La tendance végane n’en est maintenant plus une puisqu’elle a pris d’assaut le marché de la restauration. Les établissements montréalais populaires et même les chaînes de restauration rapide s’appliquent maintenant à rehausser la variété de leur menu en fournissant des options végétaliennes à leur clientèle.
« On a dépassé le temps où on servait tout simplement une salade à ceux qui ne consommaient pas de viande », confirme le responsable des communications et affaires publiques pour l’Association Restauration Québec, Martin Vézina. À la chaîne de restauration rapide A&W, on retrouve désormais le burger Beyond Meat, fait à partir de protéines végétales.

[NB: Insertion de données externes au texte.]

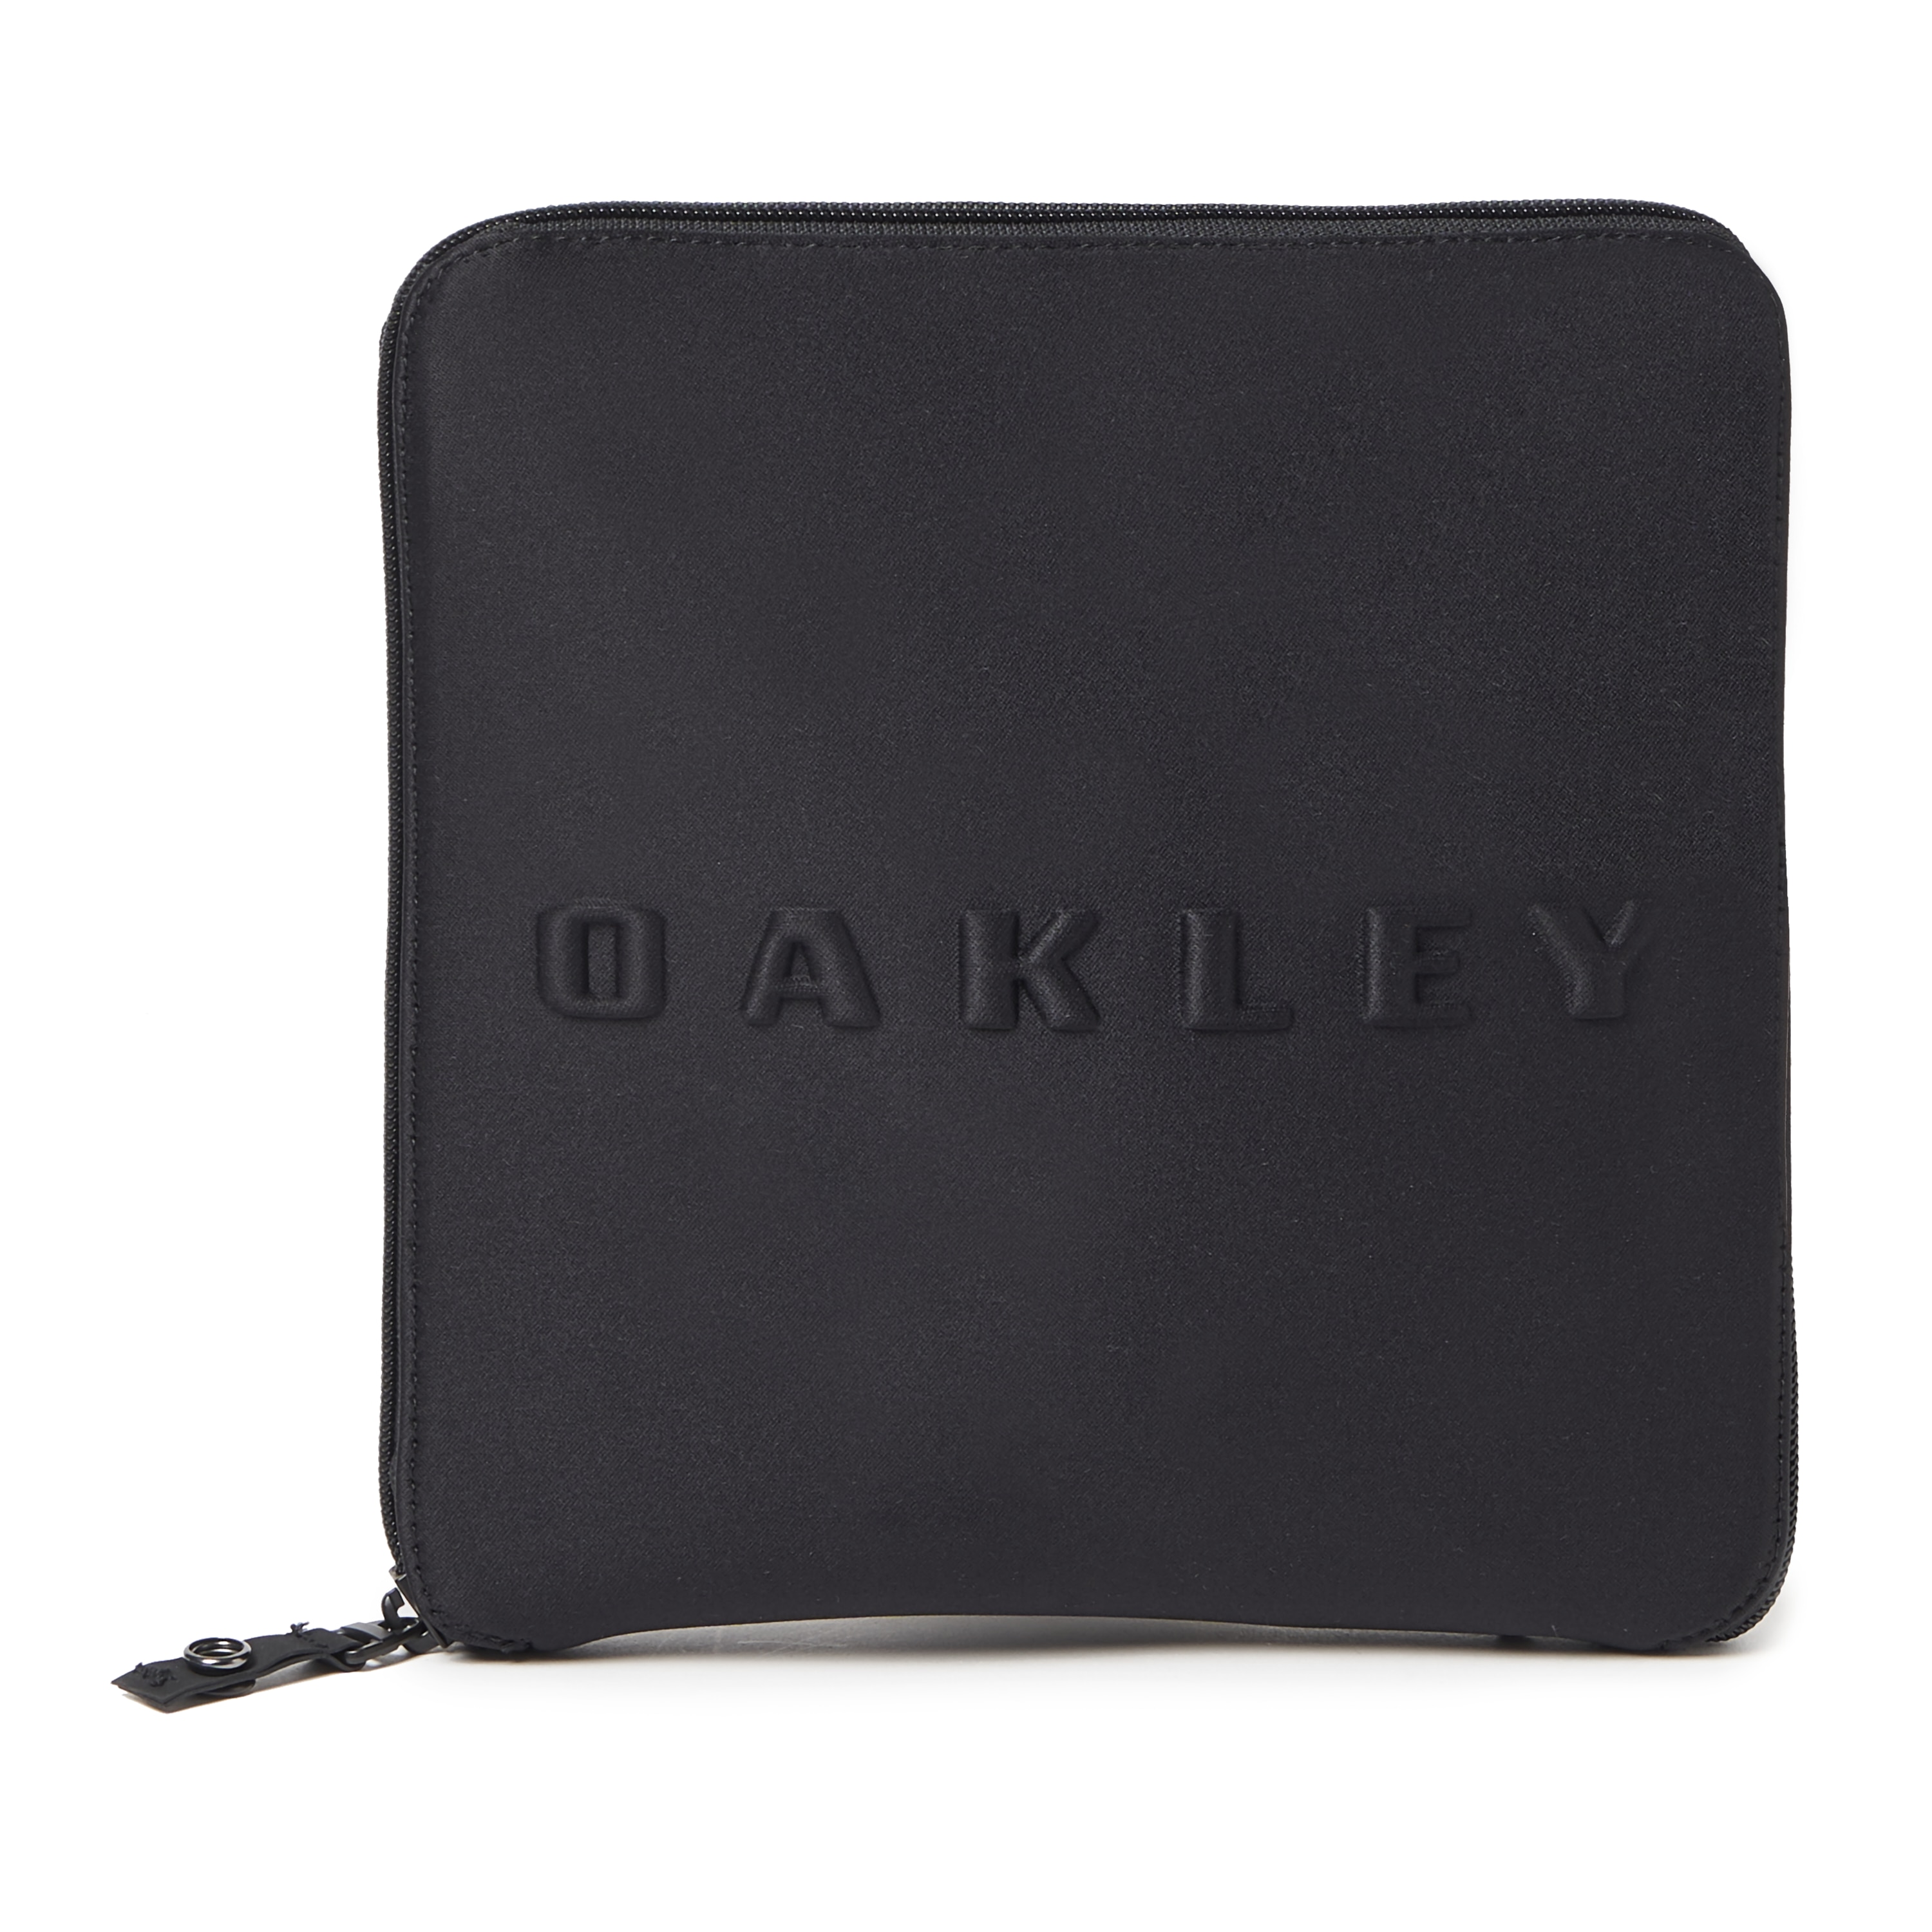 Oakley Packable Duffle - Blackout

Selon le sondage Tendances 2019, effectué auprès de 500 professionnels et professionnelles de la cuisine au Québec, environ 42 % de l’échantillon affirme vouloir faire une place dans son menu pour un ou plusieurs plats sans protéines animales. Parmi les répondants et les répondantes, 18 % disent vouloir ajouter un plat végétalien dans leur menu.
Une tendance naissante, mais vouée à se répandre, selon M. Vézina. Il constate que ces options attirent également des gens qui sont omnivores ou flexitariens. Ce changement de menu est donc tout à fait naturel pour Martin Vézina. Les établissements ressentent une pression, mais n’y sont pas réticents et y voient une occasion de rehausser leur chiffre d’affaires en attirant une clientèle diversifiée. « La cuisine végane arrive en 5e position des Tendances 2019. Ça représente un début de tendance qui va assurément progresser », constate M. Vézina.
Montréal compte d’ailleurs son lot d’institutions offrant un menu exclusivement végane, du très convivial Aux Vivres, jusqu’au plus chic restaurant LOV. Ces endroits, devenus rapidement très populaires, ont contribué à propulser le régime végétalien vers toutes les tables.
Adhésion en hausse
« C’est un mouvement réel : les gens veulent diminuer leur consommation de viande et de produits laitiers », explique le directeur scientifique de l’Institut des sciences analytiques en agroalimentaire de l’Université Dalhousie, Sylvain Charlebois.
« On estime qu’il y a environ 900 000 véganes au Canada, âgés pour la plupart de 39 ans et moins » confirme M. Charlebois. Le nombre d’adeptes du véganisme augmentera, puisqu’ils ont de plus en plus d’influence, gagnent plus d’argent et détiennent donc un pouvoir d’achat conséquent auquel s’intéresse le marché de la restauration et de l’alimentation. »
Il indique que la hausse significative du prix de la viande en 2014 a eu son rôle à jouer. « Oui, certains sont vegan, mais pratiquement 4 millions de Canadiens sont simplement flexitariens. Ce nombre dépasse la population montréalaise », avance-t-il. Les flexitariens, des végétariens décrits comme étant ouverts à la consommation occasionnelle de viande, sont une clientèle potentielle pour les restaurants et produits véganes.
Une diète au prix salé
M. Charlebois se dit toutefois préoccupé par les prix exorbitants d’une diète végétalienne, sous l’emprise du marketing. Ce mouvement est parfois traité comme une simple tendance lucrative. L’expert insiste sur le besoin de « démocratiser ce régime qui pour le moment reste dispendieux».
L’industrie de la viande, dans le but de rehausser son image et de s’adapter aux consommateurs et aux consommatrices, aurait avantage, selon M. Charlebois, « à se diversifier, à utiliser des protéines végétales populaires dans leur production, comme des lentilles, et à faire des associations de recettes. »
Le spécialiste de l’agroalimentaire affirme que « puisqu’on a normalisé le mouvement végane, les restaurants ressentent la pression de modifier leur menu. Il suffit d’avoir une personne végétalienne dans un groupe de dix pour influencer le choix du restaurant autour d’un établissement adapté à tous. Il y a 20 ans, l’option végane était peu appétissante, à présent elle est recherchée et pleine de saveurs. »
Par contre, « le défi pour les restaurants qui désirent expérimenter la cuisine vegan, que ce soit dans la restauration rapide ou plus sophistiquée, c’est que l’approche par rapport aux saveurs est différente et les techniques le sont aussi », affirme la cheffe spécialisée dans la haute gastronomie végane et la production de fromage végétalien Chloé Robillard. « C’est un type de cuisine à part entière et il faut l’introduire de cette façon. C’est ce qui déterminera si l’ajout du plat végétalien sera un succès ou pas », ajoute-t-elle.